The cause of this behavior was recently discovered to be Reality Denial Psychosis, or RDP. Here is how it manifests itself today.
There are still three things Rudy Giuliani mentions in a sentence, but the pattern is slightly different: a noun, a verb and trash talking Hillary Clinton with imaginary scandals.
There are others who suffer from this tragic brain disorder. Kellyanne Conway can’t seem to remove that plastic smile, as she does one Giuliani after another, pathologically and seamlessly shifting from any topic into an unconnected attack on Hillary Clinton. Boris Epshteyn does the same thing, although he doesn’t smile as he rips yet more angry fantasy from the air and talks over everyone.
Donald Trump has his own RDP pattern, but expecting from Trump a noun, a verb and then anything related to the noun and verb will only lead to frustration. Indeed, when people suffer from RDP we should expect disconnected fantasy.
For example, Trump received not one, but two national security briefings. He was told directly and in no uncertain terms the same thing the nation was told, that the Russians are behind the hacking to affect the outcome of our national election. Nevertheless, he denied that connection on stage during the second debate. He even questioned if hacking had happened at all. It is reported that because of Trump’s blizzard of words, neither the noun nor the verb has yet been found.
Sadly, Trump and his surrogates all suffer from this not-rare-enough disease. The primary symptoms of Reality Denial Psychosis are quite real:
- The inability to recognize facts.
- An overwhelming desire to ignore the topic at hand and instead blurt fantasies.

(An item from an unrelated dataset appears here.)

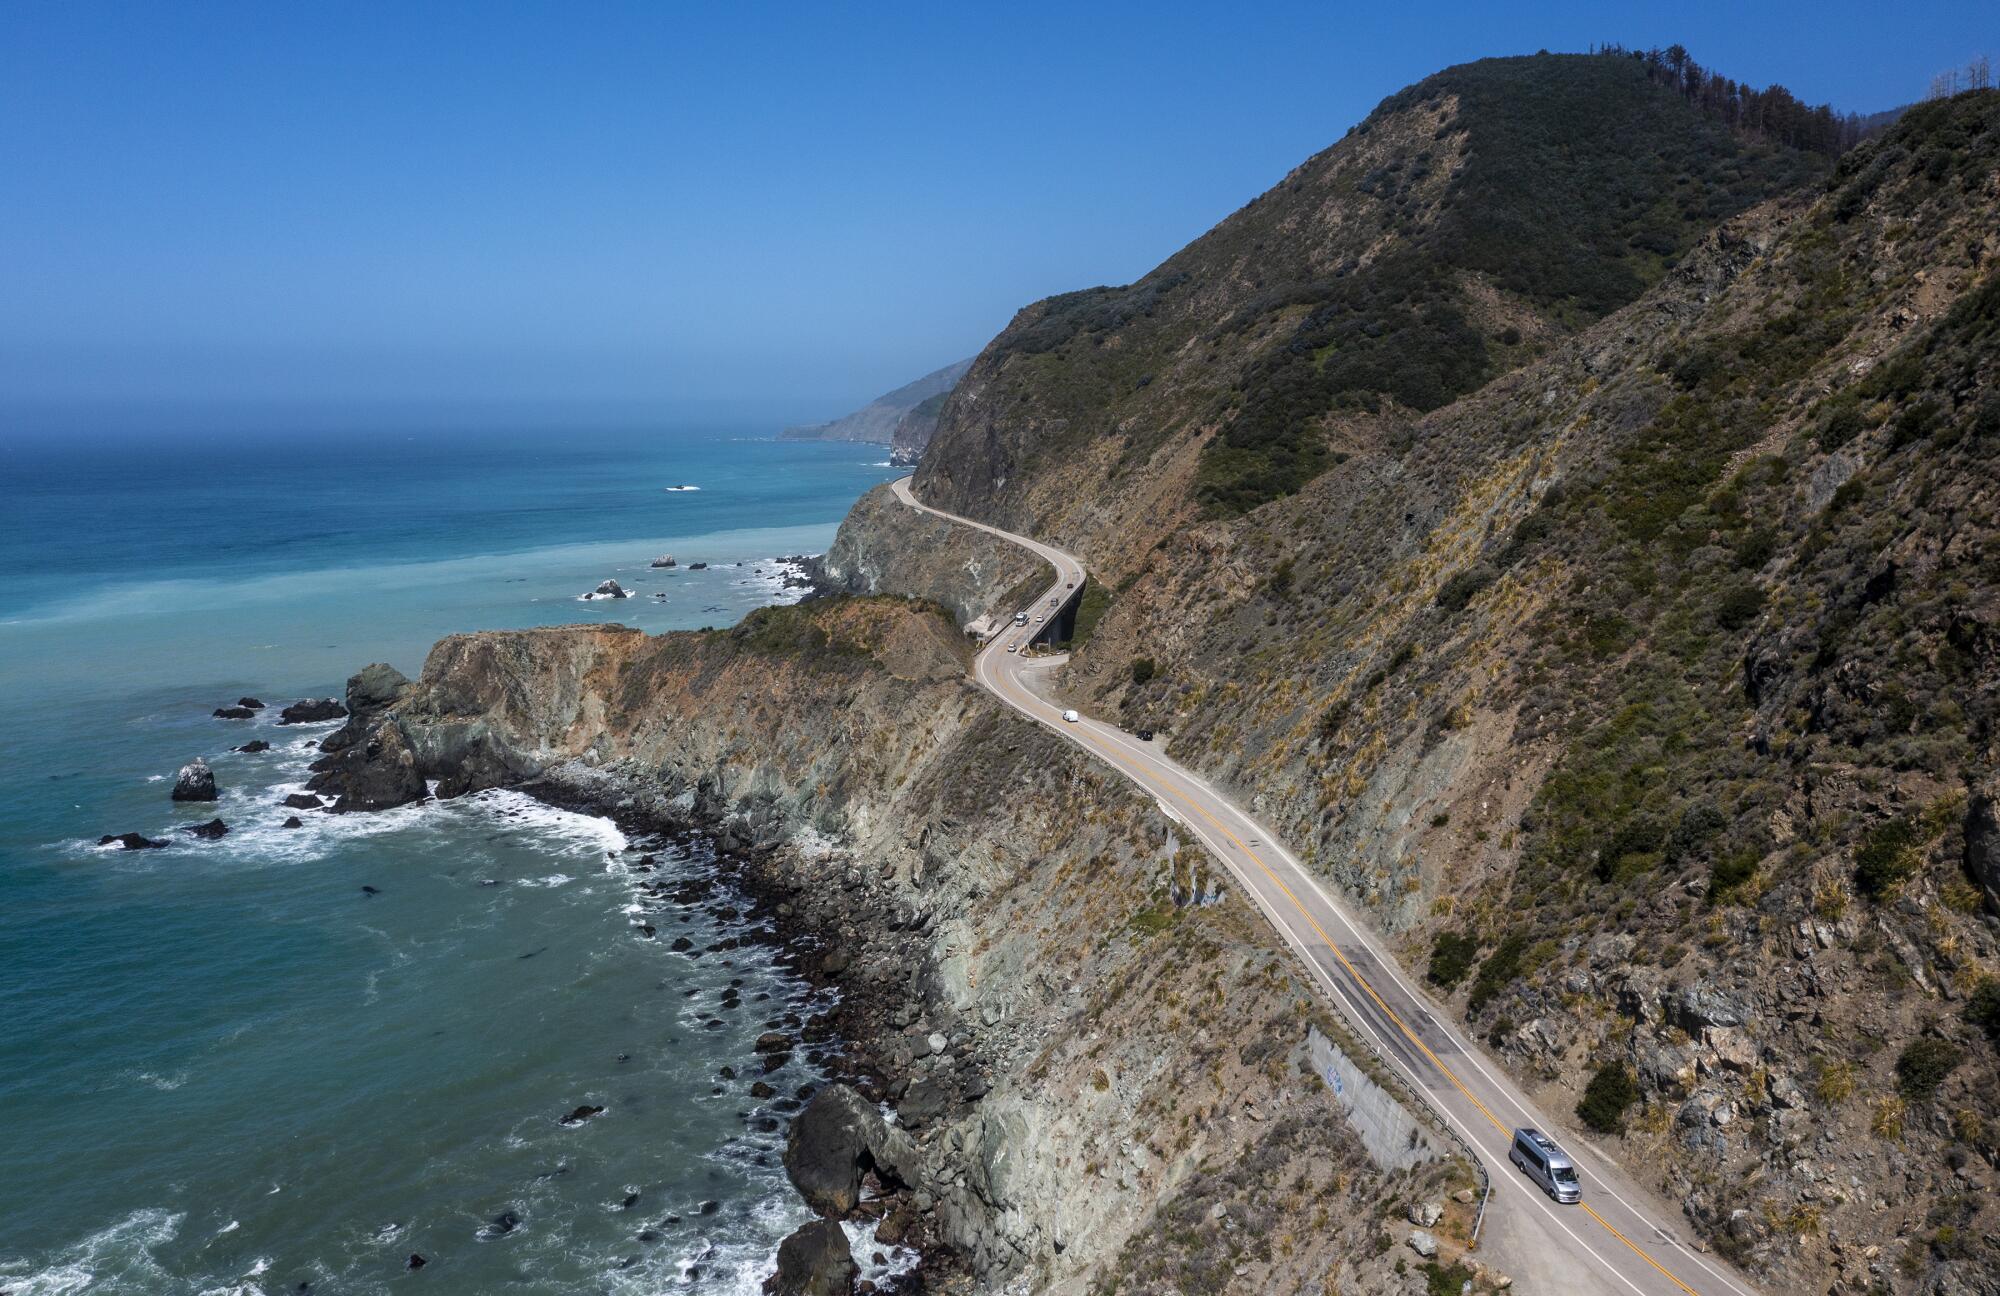 An aerial view shows a two-lane roadway between steep hills and an expanse of ocean.

- The ability of the disease afflicted to deny straight-faced what they have previously said, statements which are recorded for anyone to easily fact check.
- The strange need to rationalize deplorable behavior, like suggesting that criminally misogynistic “locker room” banter among male adults is somehow okay.
- Seeing oneself as a victim whenever confronted by adverse reality. This is often compounded by recurring claims that “The system is rigged” any time an RDP infected subject loses or thinks he will lose. Even with extensive treatment, most patients never overcome their “poor me” mental limitation and instead live their entire lives tragically both feeling sorry for themselves and enlisting others to whine along with them.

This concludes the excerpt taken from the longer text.